As seen on Table 2, each dataset used in this study had different sleep characteristics. The external validation datasets had lower percentages of wake stages as compared to the initial training and the fine-tuning datasets, and improved in wake stage prediction performance after fine-tuning. The fine-tuning dataset had a higher percentage of wake stages as compared to the initial training dataset, and thus it could be hypothesized that additional data with more wake stages, along with the fact that AASM guidelines label more stages as wake during sleep onset as compared to R&K, led to a better generalization of this stage in external validation. Furthermore, the fine-tuning dataset had a lower percentage of deep sleep stages as compared to the initial training dataset, and the improvement in deep sleep prediction performance was only slight in the external validation following fine-tuning – which may be due to the fact that the R&K standard is different to AASM standard in terms of labeling deep sleep, and the model was fine-tuned to match AASM scoring. Therefore, additional data for fine-tuning with greater distribution of a particular stage may lead to better prediction performance.
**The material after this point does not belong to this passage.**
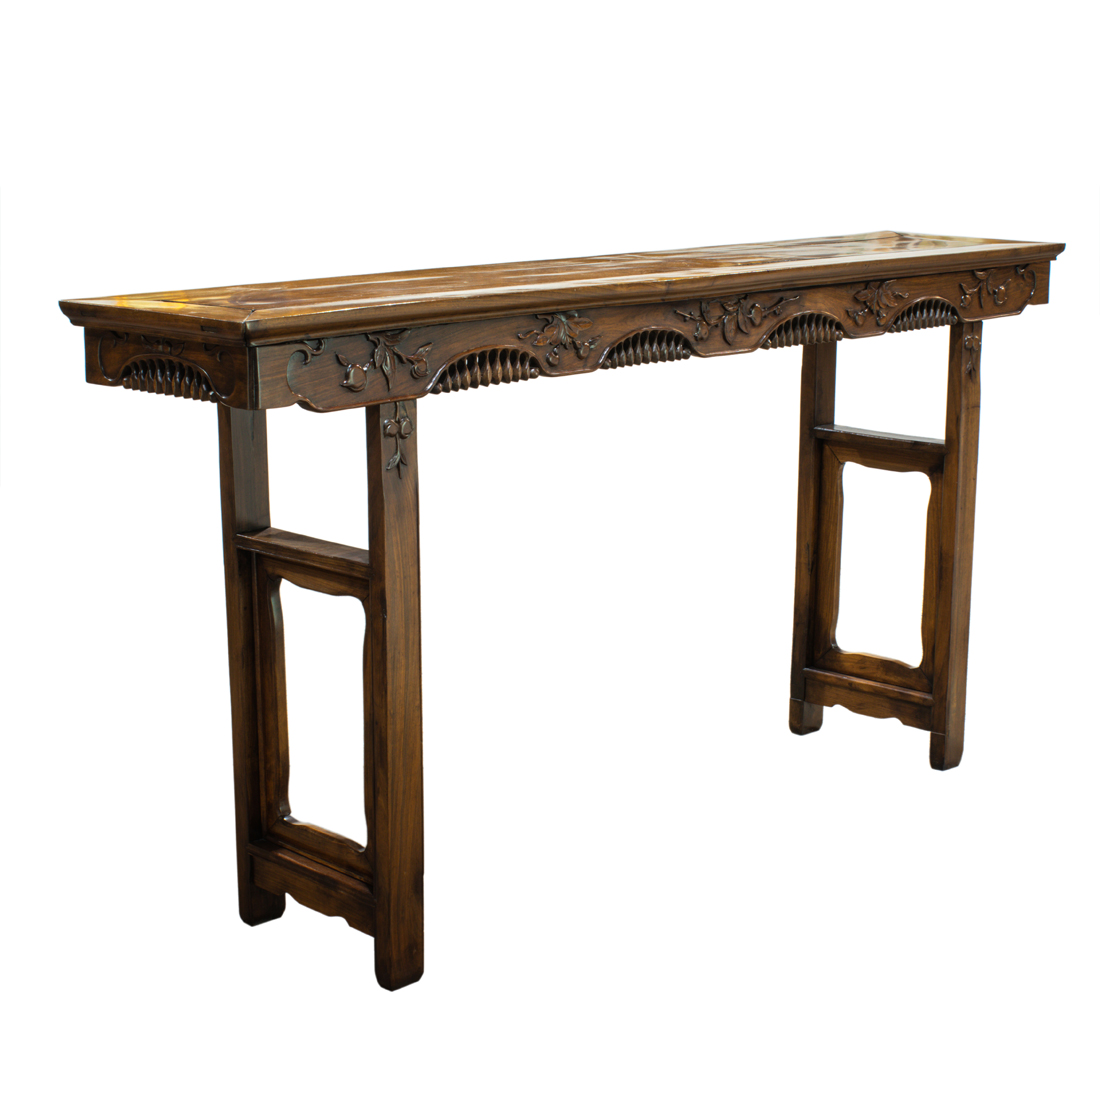 CHINESE HARDWOOD SIDE TABLE Chinese

Table 2 Sleep characteristics of the datasets

Full size table

The results seen above were not in-line with our initial hypothesis that fine-tuning on AASM dataset will lead to significant improvements in deep sleep prediction during external validation. More than the differences in scoring standards of deep sleep stage for the R&K system and the AASM system, the differences in the distribution of stages for the various datasets seem to affect the final external validation performance. However, as training with the combined R&K and AASM datasets led to worse results than the proposed method, there may also be different factors at play which has to do with the order in which the training occurs. By training the model first with a larger R&K dataset to achieve generalizability in encoding information from the input features, and fine-tuning the sequential prediction and decoding with the AASM dataset, which had a larger distribution of wake stages, the model weights may have adjusted to better predict wake while keeping the generalizability of encoding the input features. Although this idea was further tested by stratifying the AASM fine-tuning dataset to have increased distributions of each stage, it could not be recreated for the other stages, as increasing the distribution of one stage led to decreasing the distribution of the other stages. Hence, a further study is warranted using larger datasets to determine the effect of sleep characteristics on the performance of proposed fine-tuning method.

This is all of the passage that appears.